### MATERIAL PROVIDED

_____

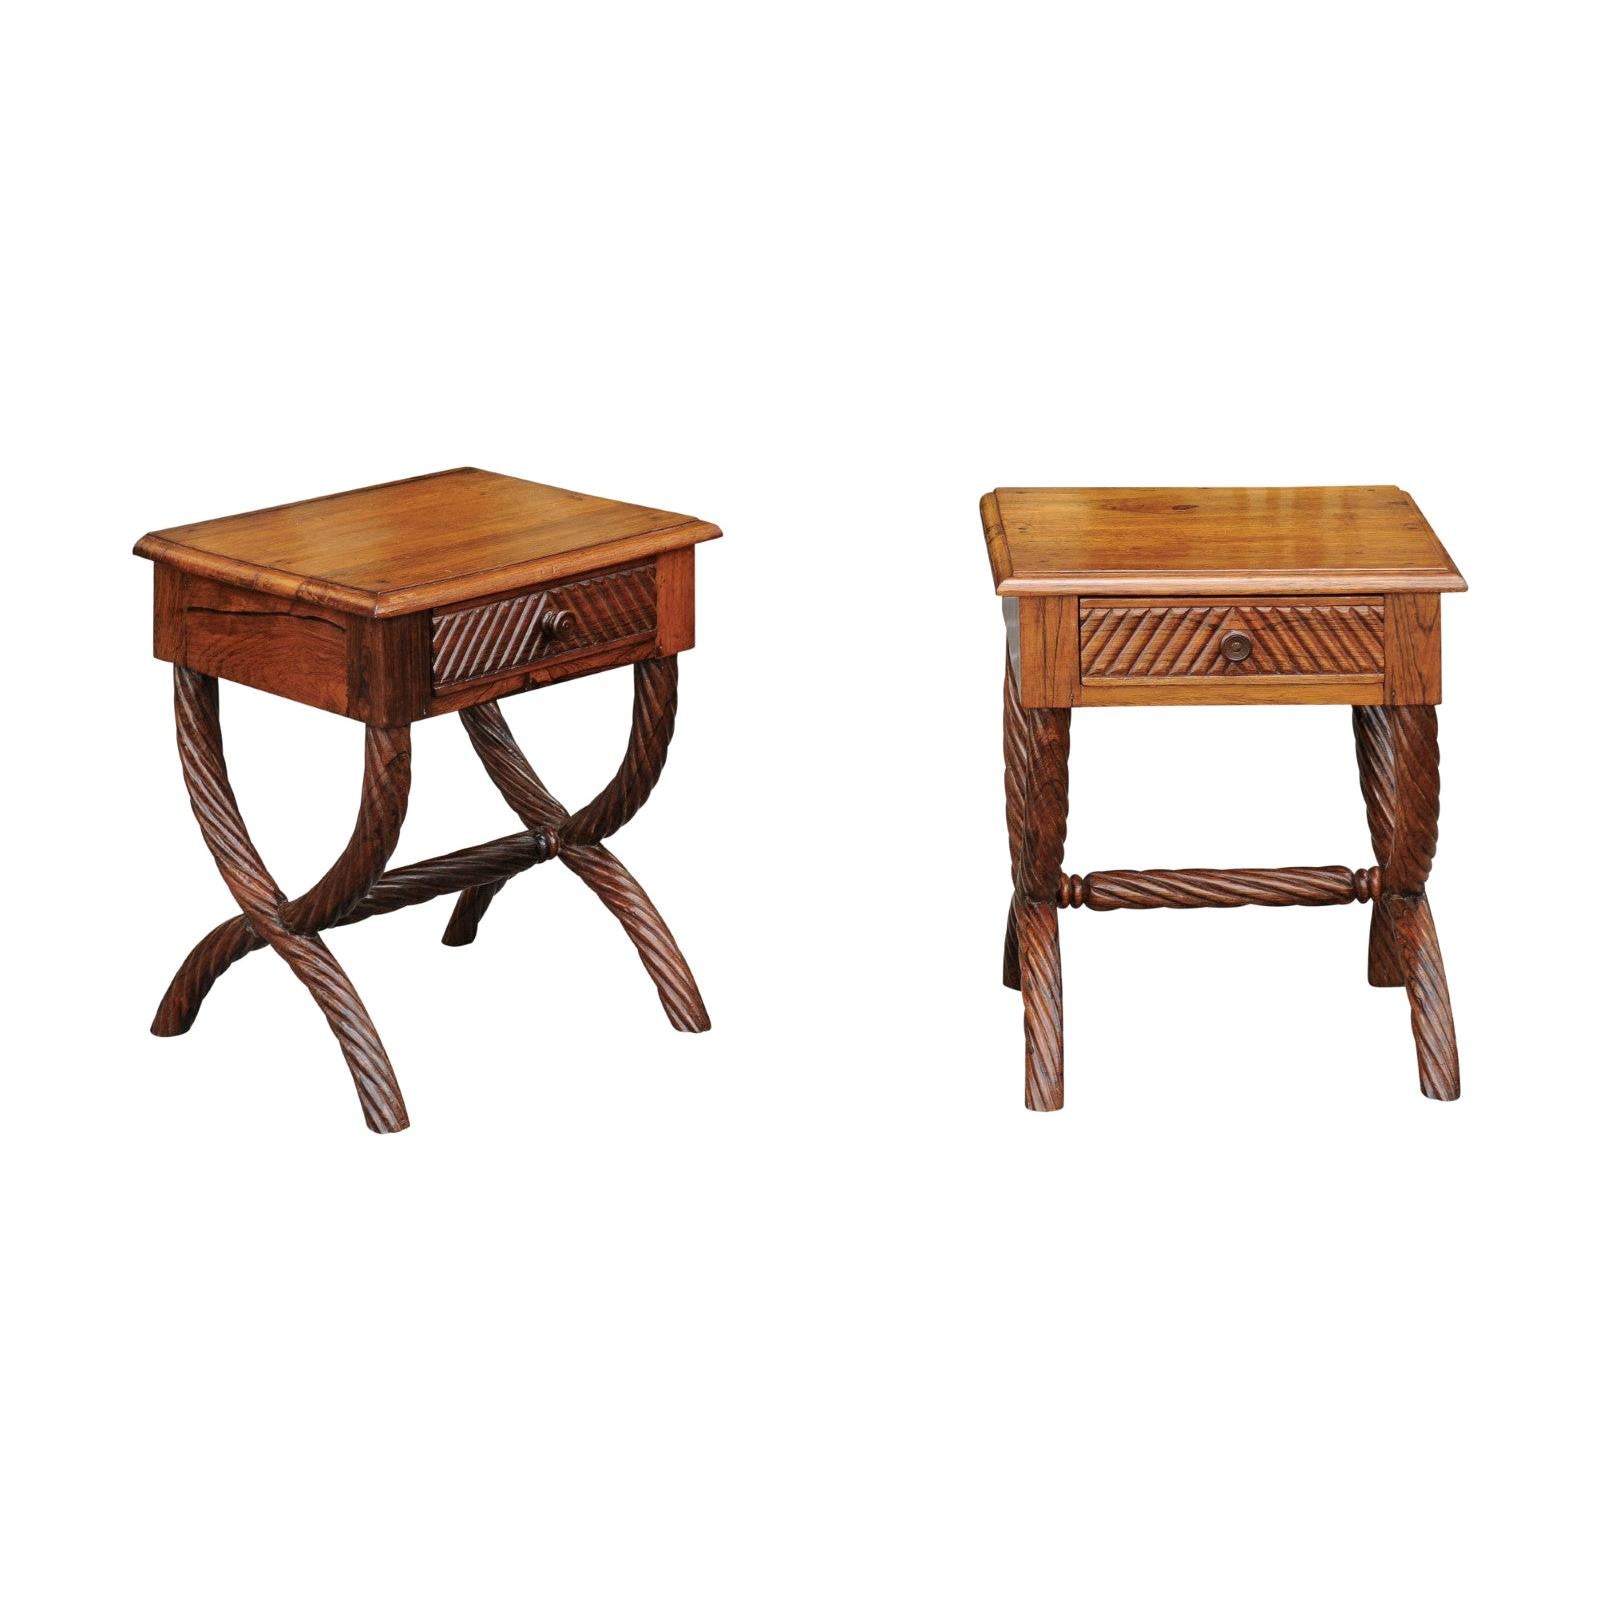 Pair of 1900s Anglo-Indian Low Side Tables with Curule Bases and Twisted Accents
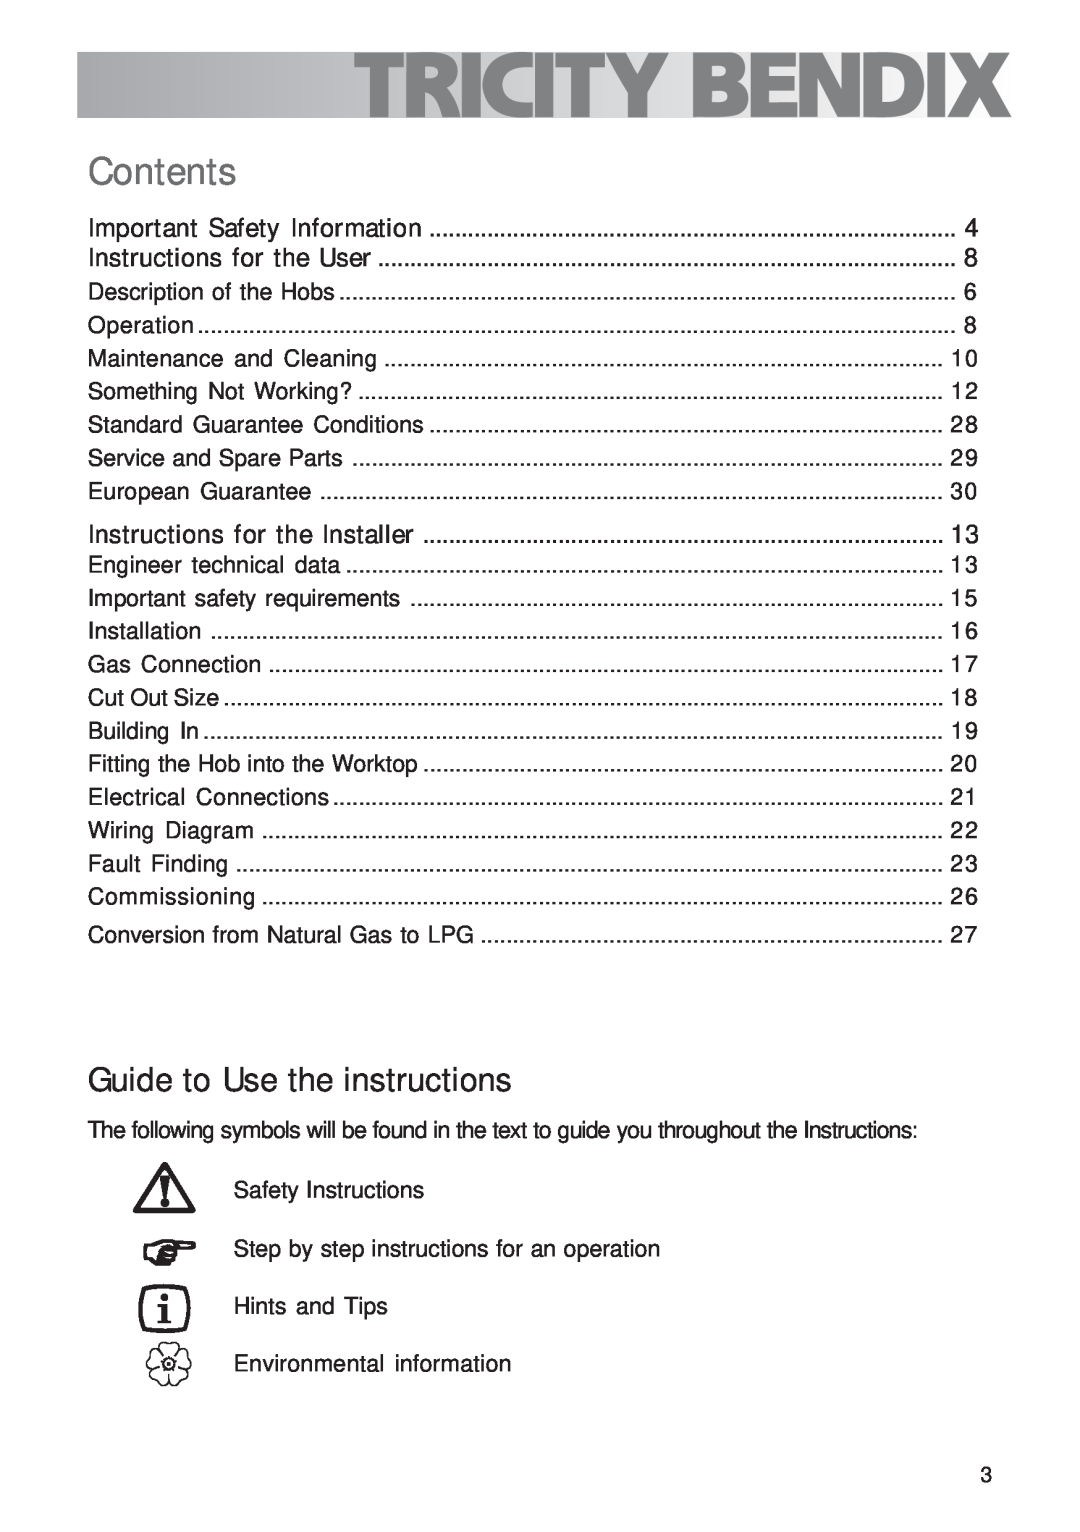 Tricity Bendix TBG700 user manual Contents, Guide to Use the instructions 
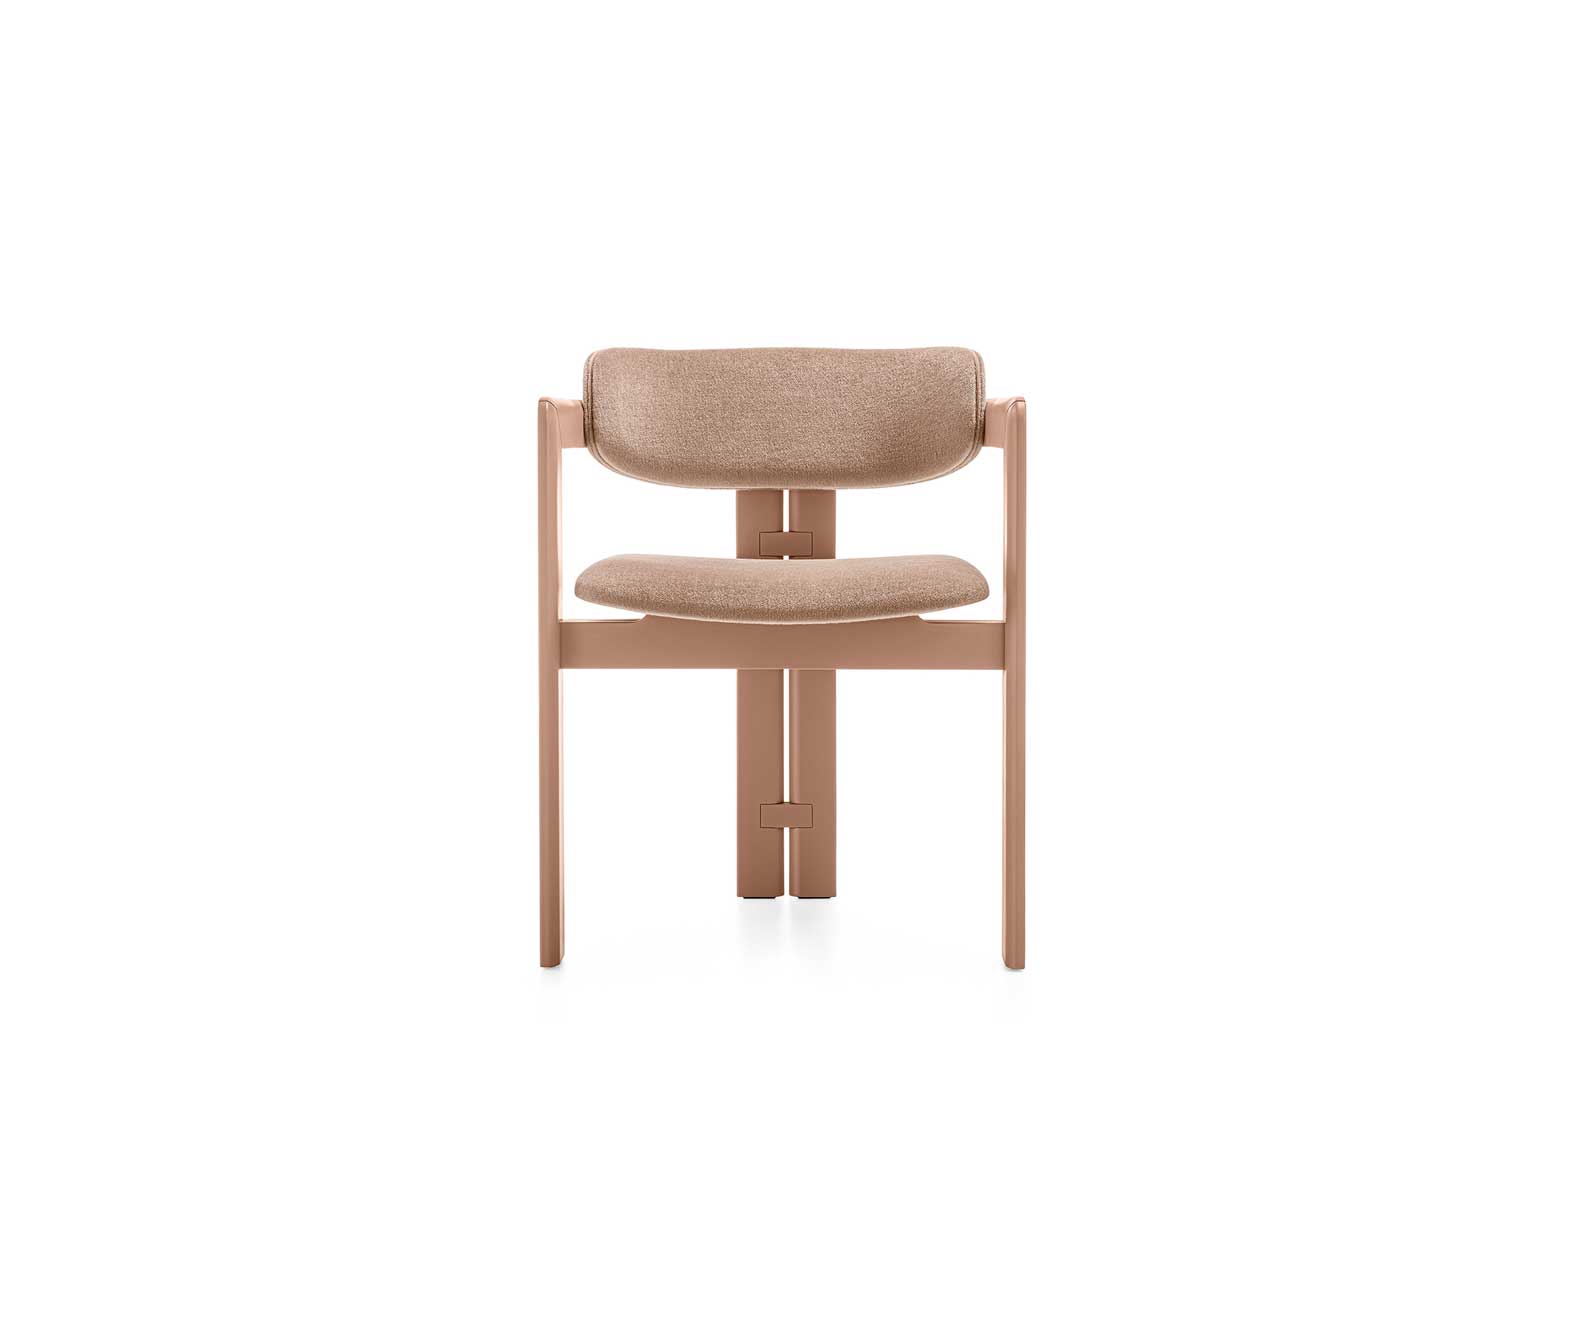 0414-Dining-Chair-Anniverssary-Gallotti-Radice Pink Laquer

_____

### EXERCISE
Excluding the pictures, retype the line containing "Tricity Bendix TBG700" and all lines after it down to the end of the data above.

### TASK SOLUTION
 Tricity Bendix TBG700 user manual Contents, Guide to Use the instructions 
 0414-Dining-Chair-Anniverssary-Gallotti-Radice Pink Laquer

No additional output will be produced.